冗談ではないのかも。脚本が得意のハギス監督は、この脚本に酔いしれてしまったのか、何だか回りくどくしてしまった感があるようだ。パリのホテルで執筆に励む中年の小説家・リーアム・ニーソンと、作家志望のその愛人のオリヴィア・ワイルド。その二人の関係は、年齢も娘のようなオリヴィアとホテルで濃密な関係を送り、時にはもて遊んでいるかのように彼の部屋にガウン姿で現れ、「私を抱いて」とガウンを脱いで見せる。ところが、男は老人で若い愛人に応える肉体を持ち合わせていない。断ると、愛人は直ぐに裸で自分の部屋へ帰るのだが、ホテルの監視カメラに愛人が逃げるところを捉えている。どんなに恥ずかしい目に遭ったことか、自分をさらけ出して彼の胸に飛び込みたかったのだろう。

愛人は、その惨めな自分を慰めてくれるのは、自分の父親しかいない。父親の部屋へ行くと、以前から男女の関係があったのだろう、直ぐに近親相姦となる。
そのことを知ってか知らずか、愛人に悪いと思ったのか、愛人の部屋いっぱいに白い薔薇の花を贈る。それは、彼女の心も動かし嬉しくて直ぐに部屋を飛び出しマイケルの部屋へと。しかし、マイケルにも息子がいて、自分の不始末から息子を亡くしてしまった。そのことを別居している妻からの電話で、責め立てるように感じてしまった。妻には、キム・ベイシンガーが演じている。

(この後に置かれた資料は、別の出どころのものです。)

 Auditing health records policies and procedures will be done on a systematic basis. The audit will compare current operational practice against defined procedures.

して、ローマのバーで偶然出会ったロマ族の女に、一目惚れするアメリカ人のビジネスマン、エイドリアン・ブロディ。その女は娘をさらわれたと言う。取り返すための金が必要だと、エイドリアンを口説く。自分にも小さい子供がいたが、事故で亡くなってしまい、ついその女に同情して金の工面をして、子供を引き取るように手助けをする。

ところが、どうやら子供は元父親の所に引き取られているようで、返して欲しければ大金を工面しろと高額の身代金を請求してくる。何だかこの夫婦に騙されているような、子供なんていないのかもしれない。しかし、ロマ族のエキゾチックな美貌に惚れてしまった男は、ありったけの金を銀行から引き落として男に渡すのだが。

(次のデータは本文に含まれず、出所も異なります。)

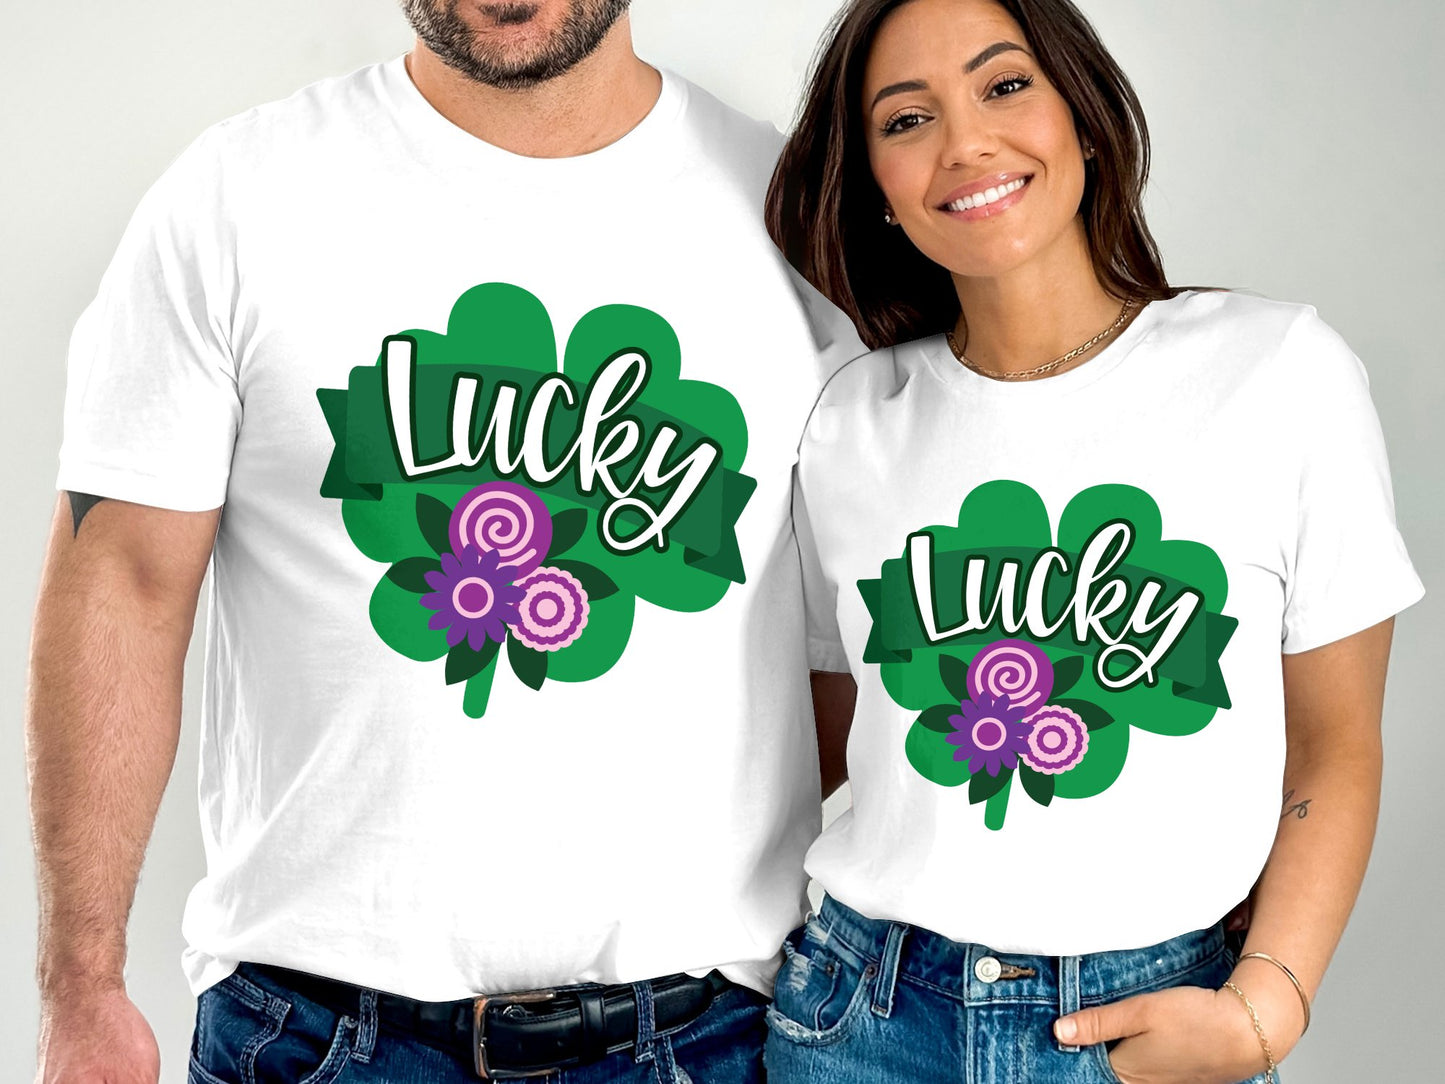 Lucky (St. Patrick's Day T-shirt)

そして、ニューヨークのホテルで客室係りとして働く元女優のミラ・クニス。以前夫だったリック(ジェームズ・フランコ)と息子の親権を争い、裁判費用のためにメイドとして働いている。この母親も、息子を虐待のような、ビニールの袋を被って遊んでいた息子が危なく窒息死するところだったというのだ。それで、元夫のリックが息子の親権者となっている。

どうやら元妻のジュリアは、精神的に異常があるようで薬の常用者で、それがニューヨークのホテルの客室を掃除に行くと、部屋にはたくさんの白い薔薇が飾られており、女はこのような花で囲まれた部屋は大好きなのだが、精神異常者のジュリアが白いバラの入った花瓶を壊しまくるのは、元夫リックとの信頼が壊れたからなのか、それとも息子が自分の手に届かないのがこの狂ったようなジュリアなのか。

ですが、このホテルの部屋とパリのマイケルの愛人のアンナの部屋が繋がっているのだ。どうやら、愛人のアンナも存在しない小説の中の女であるようだ。
何の接点もないこの3組の男女が、ミステリー劇のように次第に交錯し始め、やがて共振するという巧みな構成は、脚本家出身のハギスならではと感じた。男と女の駆け引き、そこに見えてくる信頼と裏切り、後悔と苦悩。
そして生きることの哀しさとほろ苦さ。そこには男女の関係だけではなく、キーワードの「子供」を交えた家族の絆という命題が見え隠れする。読みにくい文字でアレコレ書き殴られた、まったくもって興味のない作家の創作ノートをめくられているような感じがする。
要は、ホテルの部屋でパソコンに向かうリーアム・ニーソンが、この映画の脚本作りに格闘するポール・ハギスと重なって見えた。